| An
Effective Mentor is NOT Enough
© 2008, Barry Sweeny
If one goal of your mentoring program is
to improve the performance of employees, then you need
to know that mentoring alone has been proven to be an insufficient
strategy to attain that result. That is so for two reasons:
- Most mentors are also full time employees with
their own work to accomplish. Their time is limited, so they cann
not provide all the support that their protege needs.
- Some of the kinds of support and training that
are needed should be group activities. That means the organization
is best positioned to provide these activities.
Instead, what is needed is long term support for
development within a data-based "Comprehensive System of Support
for Development". This page will give you an overview of what
such a system of support needs to include. Each component exists
for specific professional development reasons.

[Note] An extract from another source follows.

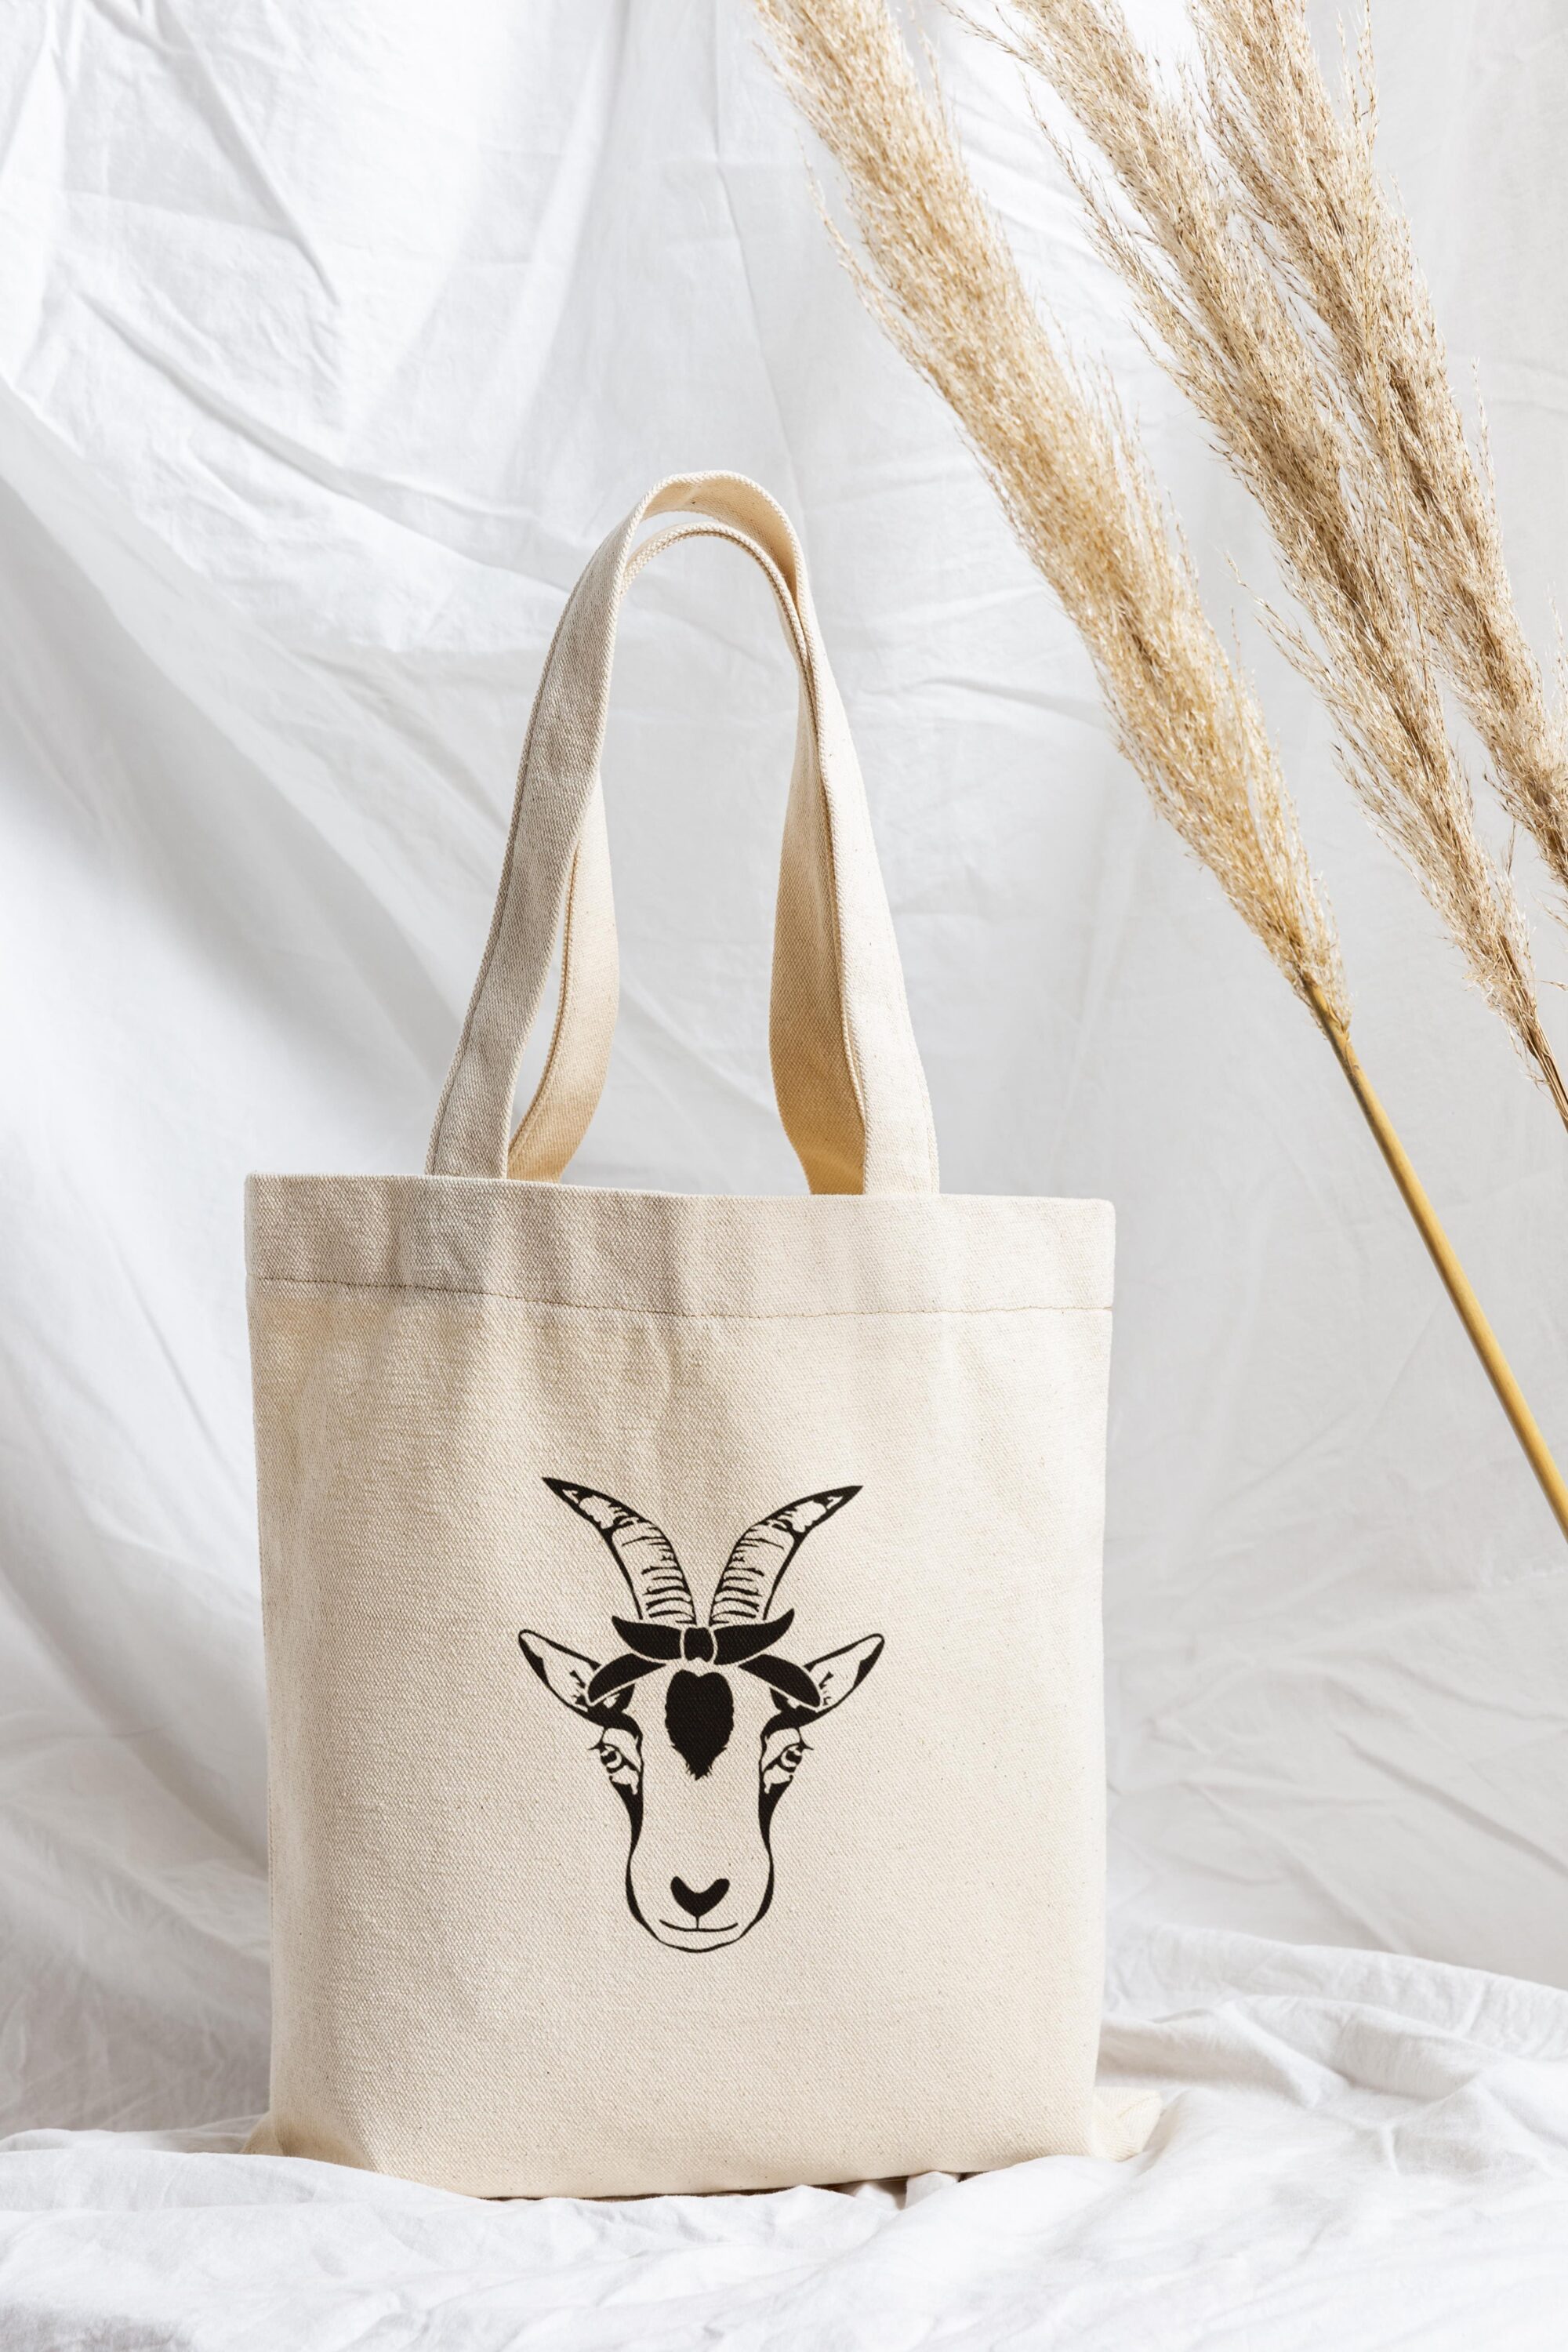 Goat Head whit Bandana Silhouette SVG goats feet Farm Milk 794S - eco bag in a classic shape.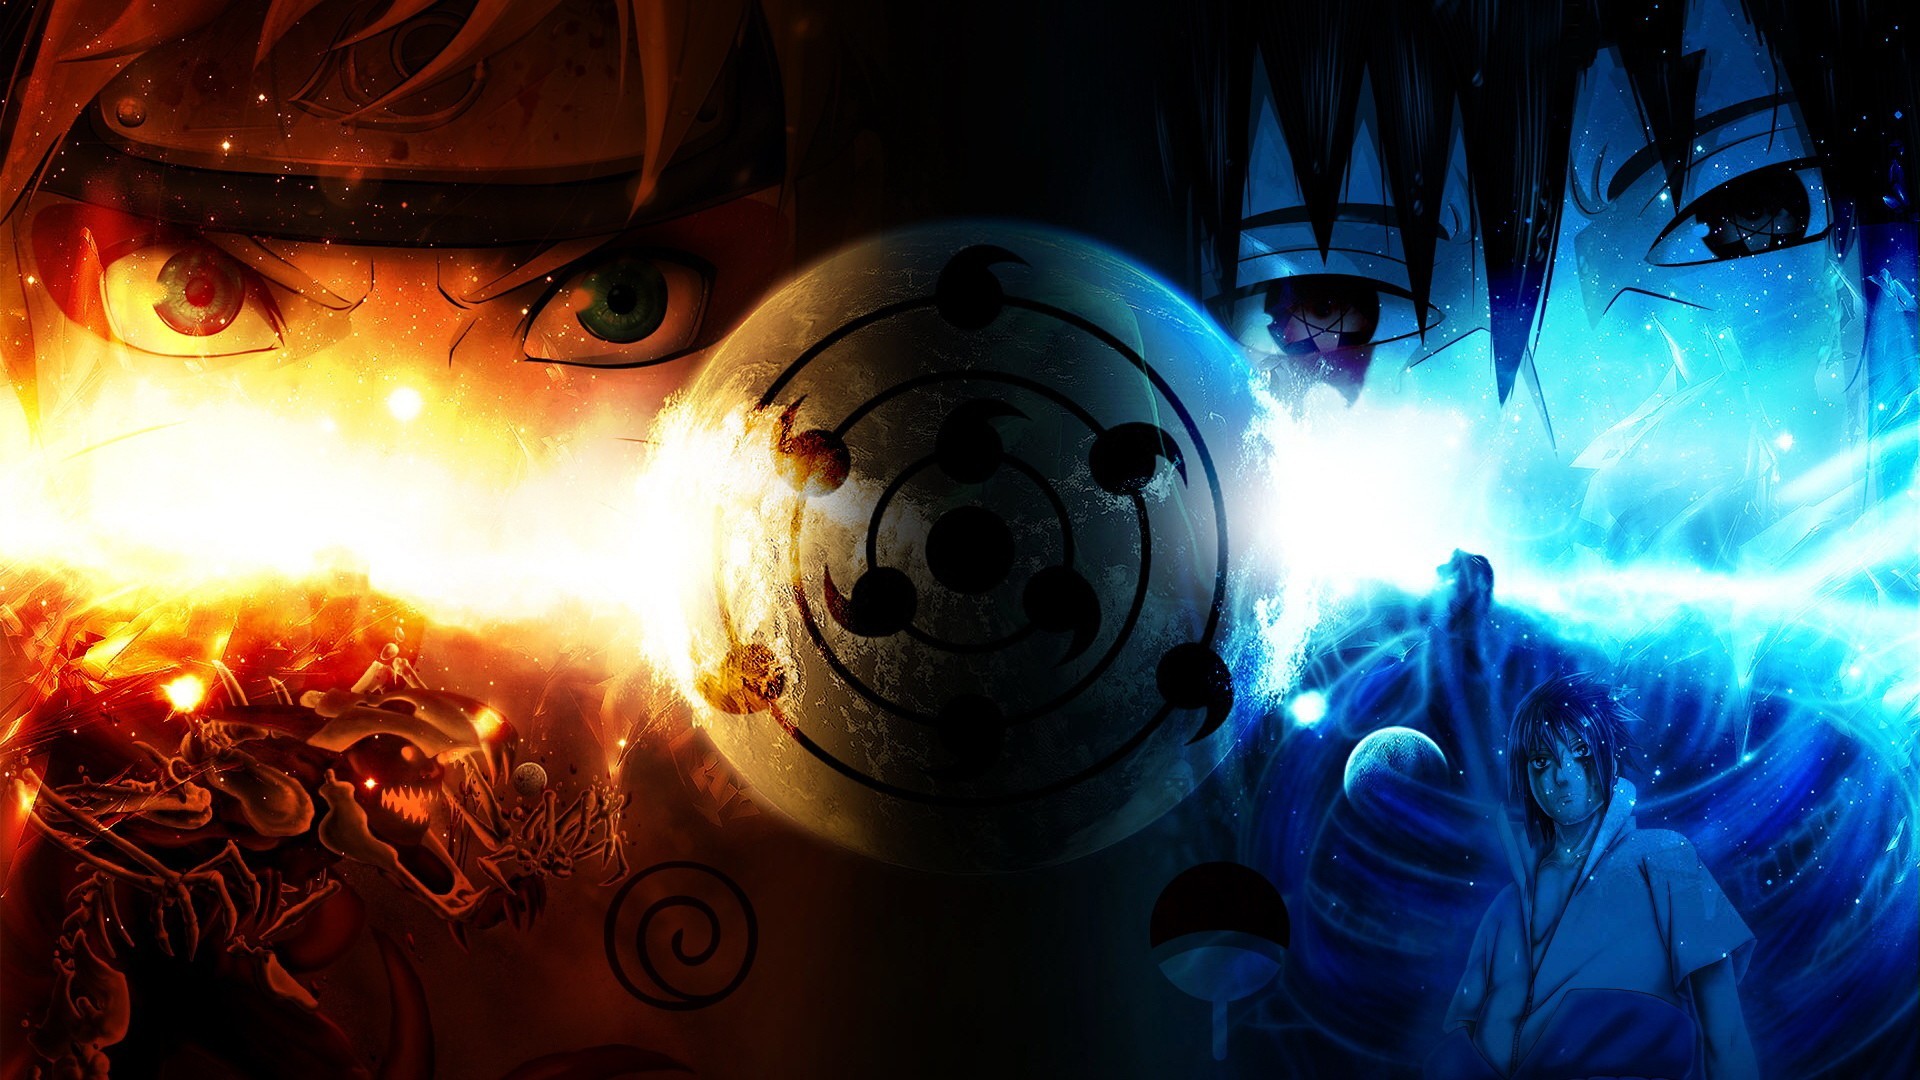 Free A26 Naruto anime Shippuden HD Desktop background wallpapers downloads

The research and principles
of effective professional development teach us that training
experiences are ALSO not sufficient by themselves to ensure improved
employee practice.
That is why effective mentoring programs need to
be a part of an integrated program which at least includes:
1. Initial group orientation
2. Training that is designed specifically
for learners’ needs
3. Opportunities for employees to observe
experts in their field at work
4. The support of facilitated, structured
peer support activities
5. On-going, individualized, follow up
mentoring support, guidance, and coaching.
Also, when the profession has identified professional
performance standards or the organization has performance competencies,
the support system also must include:
6. Professional growth goals and an action
plan
7. Professional growth portfolios containing
artifacts of the work and professional growth processes.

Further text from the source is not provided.